Data sources ranked by information density × ease of import:
PrioritySourceWhyTimePages Created
1Existing markdown/ObsidianHighest density — it's already structured5 min100s-1000s
2Google ContactsSeeds the people/ directory — names, emails, companies10 min50-500
3Google Calendar (90 days)Meeting history with attendee context15 min30-90
4Gmail (recent threads)Relationship context, active threads, org chart signals20 min50-200
5Conversations (ChatGPT/Claude exports)Your thinking, questions, mental models15 min10-100
6X/Twitter archiveYour public positions, takes, engagement patterns20 min30-365
7File archives (Dropbox/Drive/local)Historical documents, old writing, photos30+ minvaries
8Meeting transcripts (Circleback/etc.)Deep relationship context from recorded calls20 min10-50
数据源按信息密度 × 导入难度排序:
优先级数据源原因耗时创建页面数
1现有Markdown/Obsidian笔记信息密度最高——已结构化5分钟数百至数千页
2Google联系人填充people/目录——包含姓名、邮箱、公司信息10分钟50-500页
3Google日历(近90天)包含会议历史及参会者上下文15分钟30-90页
4Gmail(近期会话)包含关系上下文、活跃会话、组织架构信号20分钟50-200页
5对话导出(ChatGPT/Claude等)记录你的思考、问题、思维模型15分钟10-100页
6X/Twitter归档记录你的公开立场、观点、互动模式20分钟30-365页
7文件归档(Dropbox/Drive/本地)包含历史文档、旧文稿、照片30+分钟数量不定
8会议转录稿(Circleback等)包含录制通话中的深度关系上下文20分钟10-50页

Phase 0: ClawVisor Setup (Required for API Access)

阶段0:ClawVisor设置(API访问必备)

Safety boundary: An AI agent with raw OAuth tokens to your Gmail, Calendar, and Contacts is an uncontrolled attack surface. One prompt injection, one malicious tool call, and your entire Google account is exposed.
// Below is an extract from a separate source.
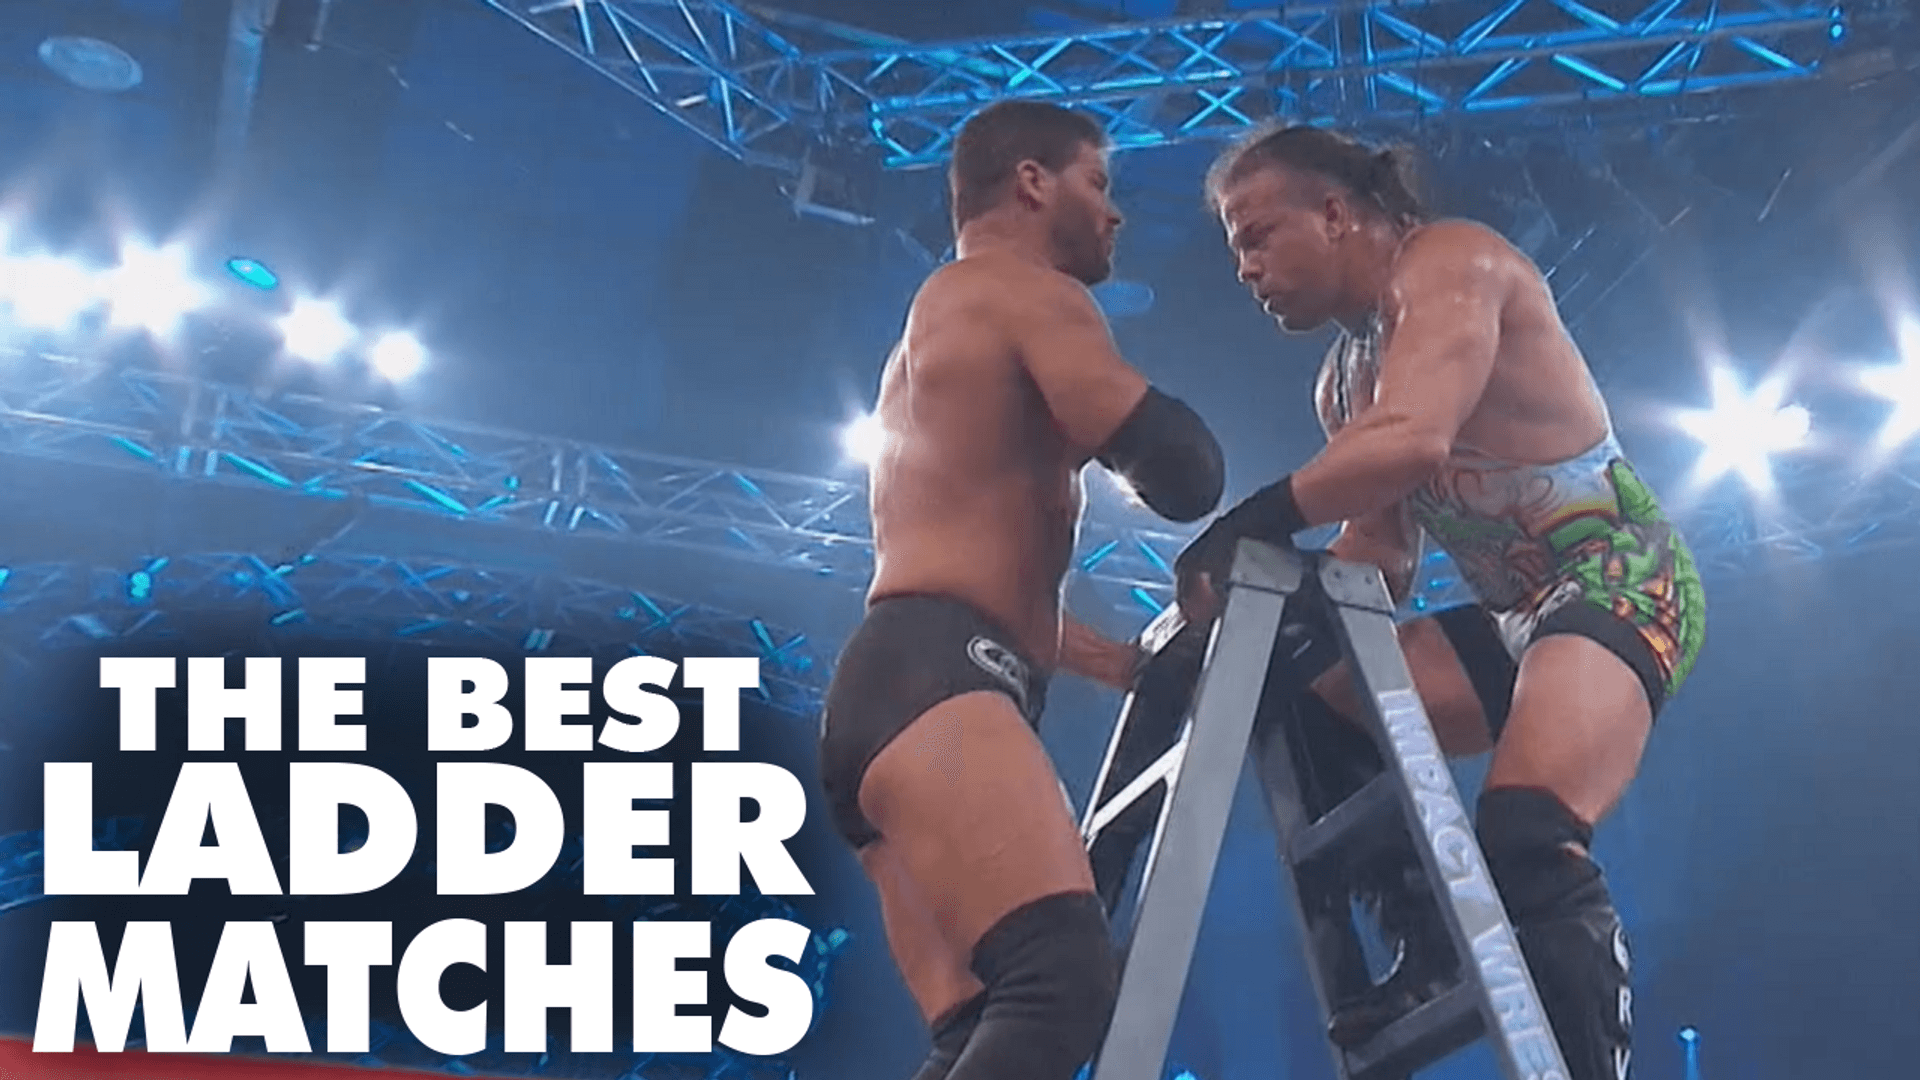 Relive The Best Ladder Matches FREE for a Limited Time on IMPACT Plus
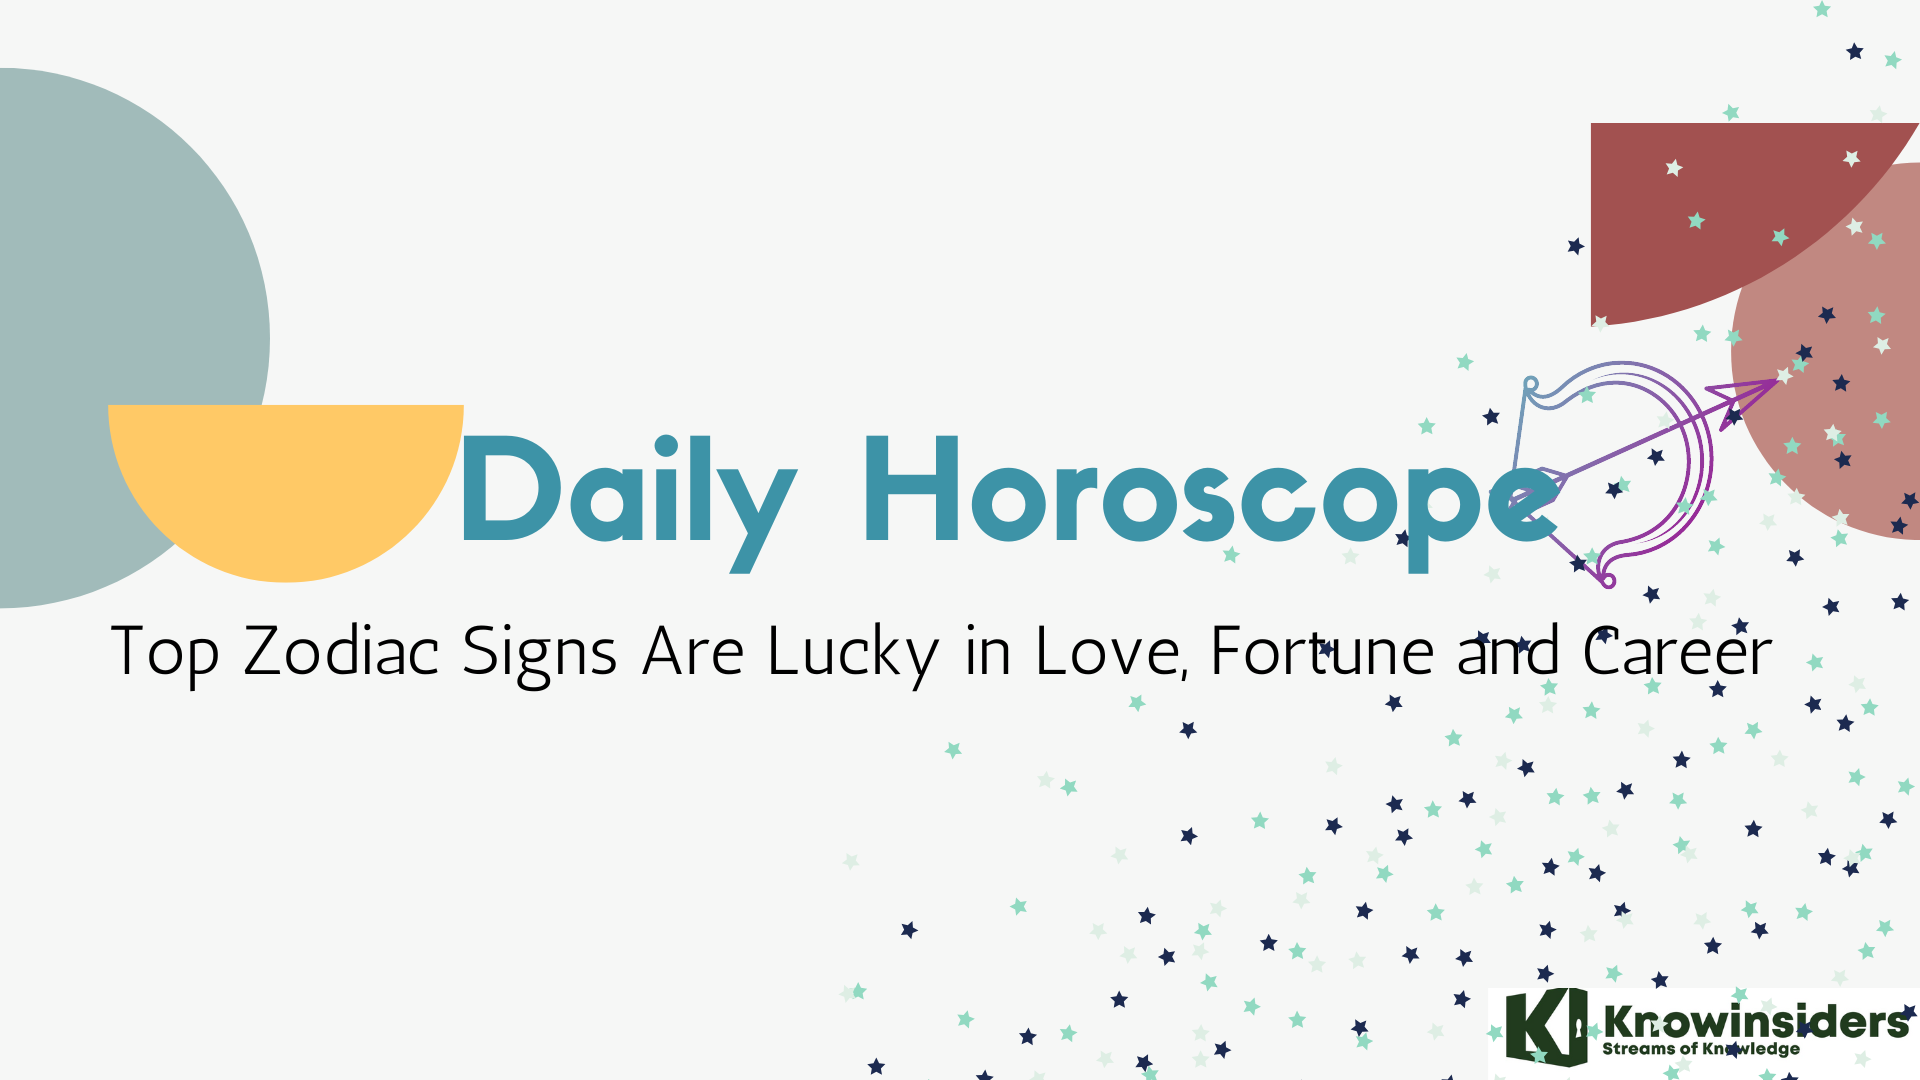 Daily Horoscope (June 17, 2022): Top Zodiac Signs Are Lucky in Love, Money and Job

ClawVisor eliminates this risk class entirely.
ClawVisor is a credential gateway that sits between the agent and your APIs. The agent never sees your credentials — ClawVisor injects them at request time, enforces policies, and logs everything.
What ClawVisor gives you:
  • Credential vaulting — agent sees shadow tokens, never real secrets
  • Task-scoped authorization — each workflow declares exactly what it needs
  • Audit trail — every API call logged with metadata (who, what, when)
  • Human approval gates — destructive operations (send email, modify calendar) require your explicit approval
  • Multi-service — Gmail, Calendar, Contacts, Drive, GitHub, iMessage from one gateway
  • Revocation — disable the agent's access in one click, no token rotation needed
Setup (15 min):
  1. Sign up at app.clawvisor.com
  2. Create an agent in the dashboard, copy the agent token
  3. Set environment variables:
    bash
    gbrain config set clawvisor_url "https://app.clawvisor.com"
    gbrain config set clawvisor_agent_token "<token>"
  4. Activate Google services (Gmail, Calendar, Contacts) in the dashboard
  5. Create a standing task with expansive scope:
    "Full brain bootstrapping: read emails, calendar events, and contacts to populate knowledge base. List, read, and search across all connected accounts."
  6. Save the standing task ID:
    bash
    gbrain config set clawvisor_task_id "<task_id>"
Critical scoping rule: Be expansive in task purposes. "Email triage" gets rejected by intent verification. "Full executive assistant email management including inbox triage, searching by any criteria, reading emails, tracking threads" works. The intent model uses the purpose to judge each request.
安全边界说明: 拥有Gmail、日历和联系人原始OAuth令牌的AI Agent是不受控的攻击面。一次提示注入或恶意工具调用,就可能导致你的整个谷歌账户泄露。ClawVisor可彻底消除这类风险。
ClawVisor是位于Agent与API之间的凭证网关。Agent永远不会看到你的凭证——ClawVisor会在请求时注入凭证、执行策略并记录所有操作。
ClawVisor提供的功能:
  • 凭证存储——Agent仅能看到影子令牌,无法获取真实密钥
  • 任务范围授权——每个工作流需明确声明所需权限
  • 审计追踪——每一次API调用都会记录元数据(执行者、操作内容、时间)
  • 人工批准机制——破坏性操作(发送邮件、修改日历)需你的明确批准
  • 多服务支持——通过一个网关即可访问Gmail、日历、联系人、Drive、GitHub、iMessage等
  • 权限撤销——一键禁用Agent的访问权限,无需轮换令牌
设置步骤(15分钟):
  1. app.clawvisor.com注册账号
  2. 在控制台创建Agent,复制Agent令牌
  3. 设置环境变量:
    bash
    gbrain config set clawvisor_url "https://app.clawvisor.com"
    gbrain config set clawvisor_agent_token "<token>"
  4. 在控制台激活谷歌服务(Gmail、日历、联系人)
  5. 创建一个范围宽泛的常驻任务:
    "完整Brain引导:读取邮件、日历事件和联系人以填充知识库。列出、读取并搜索所有关联账户的内容。"
  6. 保存常驻任务ID:
    bash
    gbrain config set clawvisor_task_id "<task_id>"
关键范围规则: 任务描述需尽可能宽泛。“邮件分类”会被意图验证拒绝,而“完整执行助理邮件管理,包括收件箱分类、任意条件搜索、读取邮件、追踪会话”则可行。意图模型会根据任务目的判断每一次请求。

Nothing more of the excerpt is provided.